Records drawn from a dataset:
----------

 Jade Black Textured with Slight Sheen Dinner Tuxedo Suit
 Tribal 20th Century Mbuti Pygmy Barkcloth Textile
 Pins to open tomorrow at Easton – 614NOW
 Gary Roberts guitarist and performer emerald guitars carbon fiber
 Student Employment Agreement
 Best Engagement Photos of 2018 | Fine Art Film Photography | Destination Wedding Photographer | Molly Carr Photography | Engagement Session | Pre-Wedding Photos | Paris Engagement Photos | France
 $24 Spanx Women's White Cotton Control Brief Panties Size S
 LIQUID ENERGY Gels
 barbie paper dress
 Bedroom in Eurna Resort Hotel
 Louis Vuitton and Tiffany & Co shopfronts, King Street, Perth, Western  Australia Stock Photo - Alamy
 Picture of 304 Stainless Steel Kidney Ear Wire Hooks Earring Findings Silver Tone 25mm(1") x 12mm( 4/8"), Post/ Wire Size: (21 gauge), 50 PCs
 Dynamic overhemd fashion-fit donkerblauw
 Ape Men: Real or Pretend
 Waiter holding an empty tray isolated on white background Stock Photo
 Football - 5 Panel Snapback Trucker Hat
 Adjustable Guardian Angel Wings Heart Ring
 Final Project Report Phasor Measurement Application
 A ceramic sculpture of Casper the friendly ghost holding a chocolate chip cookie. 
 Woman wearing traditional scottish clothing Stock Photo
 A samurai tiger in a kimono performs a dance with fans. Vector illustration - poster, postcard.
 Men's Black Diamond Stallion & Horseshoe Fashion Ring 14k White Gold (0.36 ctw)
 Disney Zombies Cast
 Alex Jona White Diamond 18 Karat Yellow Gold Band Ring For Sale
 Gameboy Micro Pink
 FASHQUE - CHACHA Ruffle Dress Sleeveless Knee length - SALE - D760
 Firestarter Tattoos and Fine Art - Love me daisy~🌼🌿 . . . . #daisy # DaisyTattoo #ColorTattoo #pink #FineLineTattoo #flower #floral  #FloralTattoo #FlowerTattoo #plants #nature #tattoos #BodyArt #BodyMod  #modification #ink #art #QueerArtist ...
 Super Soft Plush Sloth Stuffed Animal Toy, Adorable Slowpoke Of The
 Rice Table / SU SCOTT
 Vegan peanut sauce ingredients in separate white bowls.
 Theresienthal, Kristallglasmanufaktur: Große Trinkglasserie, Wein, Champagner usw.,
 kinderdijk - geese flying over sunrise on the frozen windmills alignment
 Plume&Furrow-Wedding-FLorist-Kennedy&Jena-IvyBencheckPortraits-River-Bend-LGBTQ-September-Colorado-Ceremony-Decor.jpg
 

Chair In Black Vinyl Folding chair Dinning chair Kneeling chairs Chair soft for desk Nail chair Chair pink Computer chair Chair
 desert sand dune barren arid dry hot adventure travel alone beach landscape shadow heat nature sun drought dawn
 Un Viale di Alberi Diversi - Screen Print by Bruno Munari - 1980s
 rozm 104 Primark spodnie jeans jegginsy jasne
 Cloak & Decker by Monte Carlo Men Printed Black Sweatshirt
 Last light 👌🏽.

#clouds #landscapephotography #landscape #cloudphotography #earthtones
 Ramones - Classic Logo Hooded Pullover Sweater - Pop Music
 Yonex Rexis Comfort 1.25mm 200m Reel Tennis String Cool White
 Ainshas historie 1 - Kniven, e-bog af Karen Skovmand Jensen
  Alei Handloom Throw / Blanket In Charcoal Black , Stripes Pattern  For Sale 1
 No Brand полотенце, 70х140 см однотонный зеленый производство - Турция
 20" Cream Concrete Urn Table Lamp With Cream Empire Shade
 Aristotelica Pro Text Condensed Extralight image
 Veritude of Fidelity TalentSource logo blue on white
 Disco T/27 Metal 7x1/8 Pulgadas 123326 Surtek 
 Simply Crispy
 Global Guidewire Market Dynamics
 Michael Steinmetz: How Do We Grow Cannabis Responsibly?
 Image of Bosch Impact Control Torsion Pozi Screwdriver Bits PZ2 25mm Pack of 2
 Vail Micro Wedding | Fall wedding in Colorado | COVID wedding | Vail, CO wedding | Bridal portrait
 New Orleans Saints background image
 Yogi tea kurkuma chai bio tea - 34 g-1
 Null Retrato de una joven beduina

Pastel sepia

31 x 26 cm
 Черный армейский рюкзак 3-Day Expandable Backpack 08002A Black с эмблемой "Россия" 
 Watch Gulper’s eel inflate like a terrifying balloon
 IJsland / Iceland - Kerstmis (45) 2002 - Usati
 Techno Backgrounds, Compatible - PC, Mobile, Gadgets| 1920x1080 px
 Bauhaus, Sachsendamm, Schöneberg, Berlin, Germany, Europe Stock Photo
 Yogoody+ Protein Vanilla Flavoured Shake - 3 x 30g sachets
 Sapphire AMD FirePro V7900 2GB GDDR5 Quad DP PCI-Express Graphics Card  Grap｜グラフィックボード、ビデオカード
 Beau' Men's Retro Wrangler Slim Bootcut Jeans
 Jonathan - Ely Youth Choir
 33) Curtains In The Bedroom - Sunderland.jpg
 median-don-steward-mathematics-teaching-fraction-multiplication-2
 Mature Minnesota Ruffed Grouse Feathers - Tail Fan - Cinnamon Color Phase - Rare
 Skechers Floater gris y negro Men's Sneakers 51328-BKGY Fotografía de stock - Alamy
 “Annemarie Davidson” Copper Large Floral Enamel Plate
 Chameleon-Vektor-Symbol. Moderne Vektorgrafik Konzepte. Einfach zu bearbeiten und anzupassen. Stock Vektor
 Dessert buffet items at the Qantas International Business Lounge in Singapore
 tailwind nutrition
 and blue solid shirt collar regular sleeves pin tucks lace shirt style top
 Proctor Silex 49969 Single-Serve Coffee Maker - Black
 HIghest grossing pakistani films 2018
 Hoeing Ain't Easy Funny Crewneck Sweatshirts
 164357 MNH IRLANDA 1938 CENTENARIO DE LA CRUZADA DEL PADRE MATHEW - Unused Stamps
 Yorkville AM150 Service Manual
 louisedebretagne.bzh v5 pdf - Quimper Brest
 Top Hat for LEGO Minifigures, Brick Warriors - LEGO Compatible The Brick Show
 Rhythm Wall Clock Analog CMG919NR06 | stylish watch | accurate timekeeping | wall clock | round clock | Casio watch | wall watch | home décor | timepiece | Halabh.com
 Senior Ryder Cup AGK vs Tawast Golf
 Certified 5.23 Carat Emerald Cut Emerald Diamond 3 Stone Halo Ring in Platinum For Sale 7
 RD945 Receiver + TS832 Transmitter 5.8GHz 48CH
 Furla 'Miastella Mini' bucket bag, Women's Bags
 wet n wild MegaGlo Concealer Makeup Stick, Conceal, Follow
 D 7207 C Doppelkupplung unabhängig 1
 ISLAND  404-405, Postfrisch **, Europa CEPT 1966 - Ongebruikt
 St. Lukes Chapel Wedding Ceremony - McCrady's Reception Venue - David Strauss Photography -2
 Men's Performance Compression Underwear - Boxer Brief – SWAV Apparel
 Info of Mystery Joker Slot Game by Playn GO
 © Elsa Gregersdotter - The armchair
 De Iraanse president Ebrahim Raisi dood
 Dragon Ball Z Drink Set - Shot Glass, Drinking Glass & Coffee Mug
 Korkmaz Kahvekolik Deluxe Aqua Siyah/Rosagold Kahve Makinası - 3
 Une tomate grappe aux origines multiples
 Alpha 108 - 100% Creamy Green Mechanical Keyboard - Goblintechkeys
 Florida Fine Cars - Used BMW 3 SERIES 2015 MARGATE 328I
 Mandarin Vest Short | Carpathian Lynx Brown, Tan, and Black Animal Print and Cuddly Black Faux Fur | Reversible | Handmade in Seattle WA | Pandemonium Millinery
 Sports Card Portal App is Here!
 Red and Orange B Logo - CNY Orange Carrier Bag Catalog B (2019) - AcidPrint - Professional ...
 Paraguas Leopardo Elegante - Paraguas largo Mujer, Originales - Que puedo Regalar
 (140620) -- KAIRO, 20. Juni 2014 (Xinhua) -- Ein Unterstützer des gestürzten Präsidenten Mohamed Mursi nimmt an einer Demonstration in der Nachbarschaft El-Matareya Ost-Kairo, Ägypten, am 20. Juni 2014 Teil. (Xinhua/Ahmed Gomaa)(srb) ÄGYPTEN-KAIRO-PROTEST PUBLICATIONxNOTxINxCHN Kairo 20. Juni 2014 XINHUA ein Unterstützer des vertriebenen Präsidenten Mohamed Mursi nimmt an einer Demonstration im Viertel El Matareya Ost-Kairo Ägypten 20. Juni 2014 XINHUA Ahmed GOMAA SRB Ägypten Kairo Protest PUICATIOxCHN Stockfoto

----------

> _Problem to solve_: Scan the records above for the lines holding "RD945 Receiver +" and "1966 - Ongebruikt". Transcribe those two and every line between them word for word, and no others.

> _Task output_:
 RD945 Receiver + TS832 Transmitter 5.8GHz 48CH
 Furla 'Miastella Mini' bucket bag, Women's Bags
 wet n wild MegaGlo Concealer Makeup Stick, Conceal, Follow
 D 7207 C Doppelkupplung unabhängig 1
 ISLAND  404-405, Postfrisch **, Europa CEPT 1966 - Ongebruikt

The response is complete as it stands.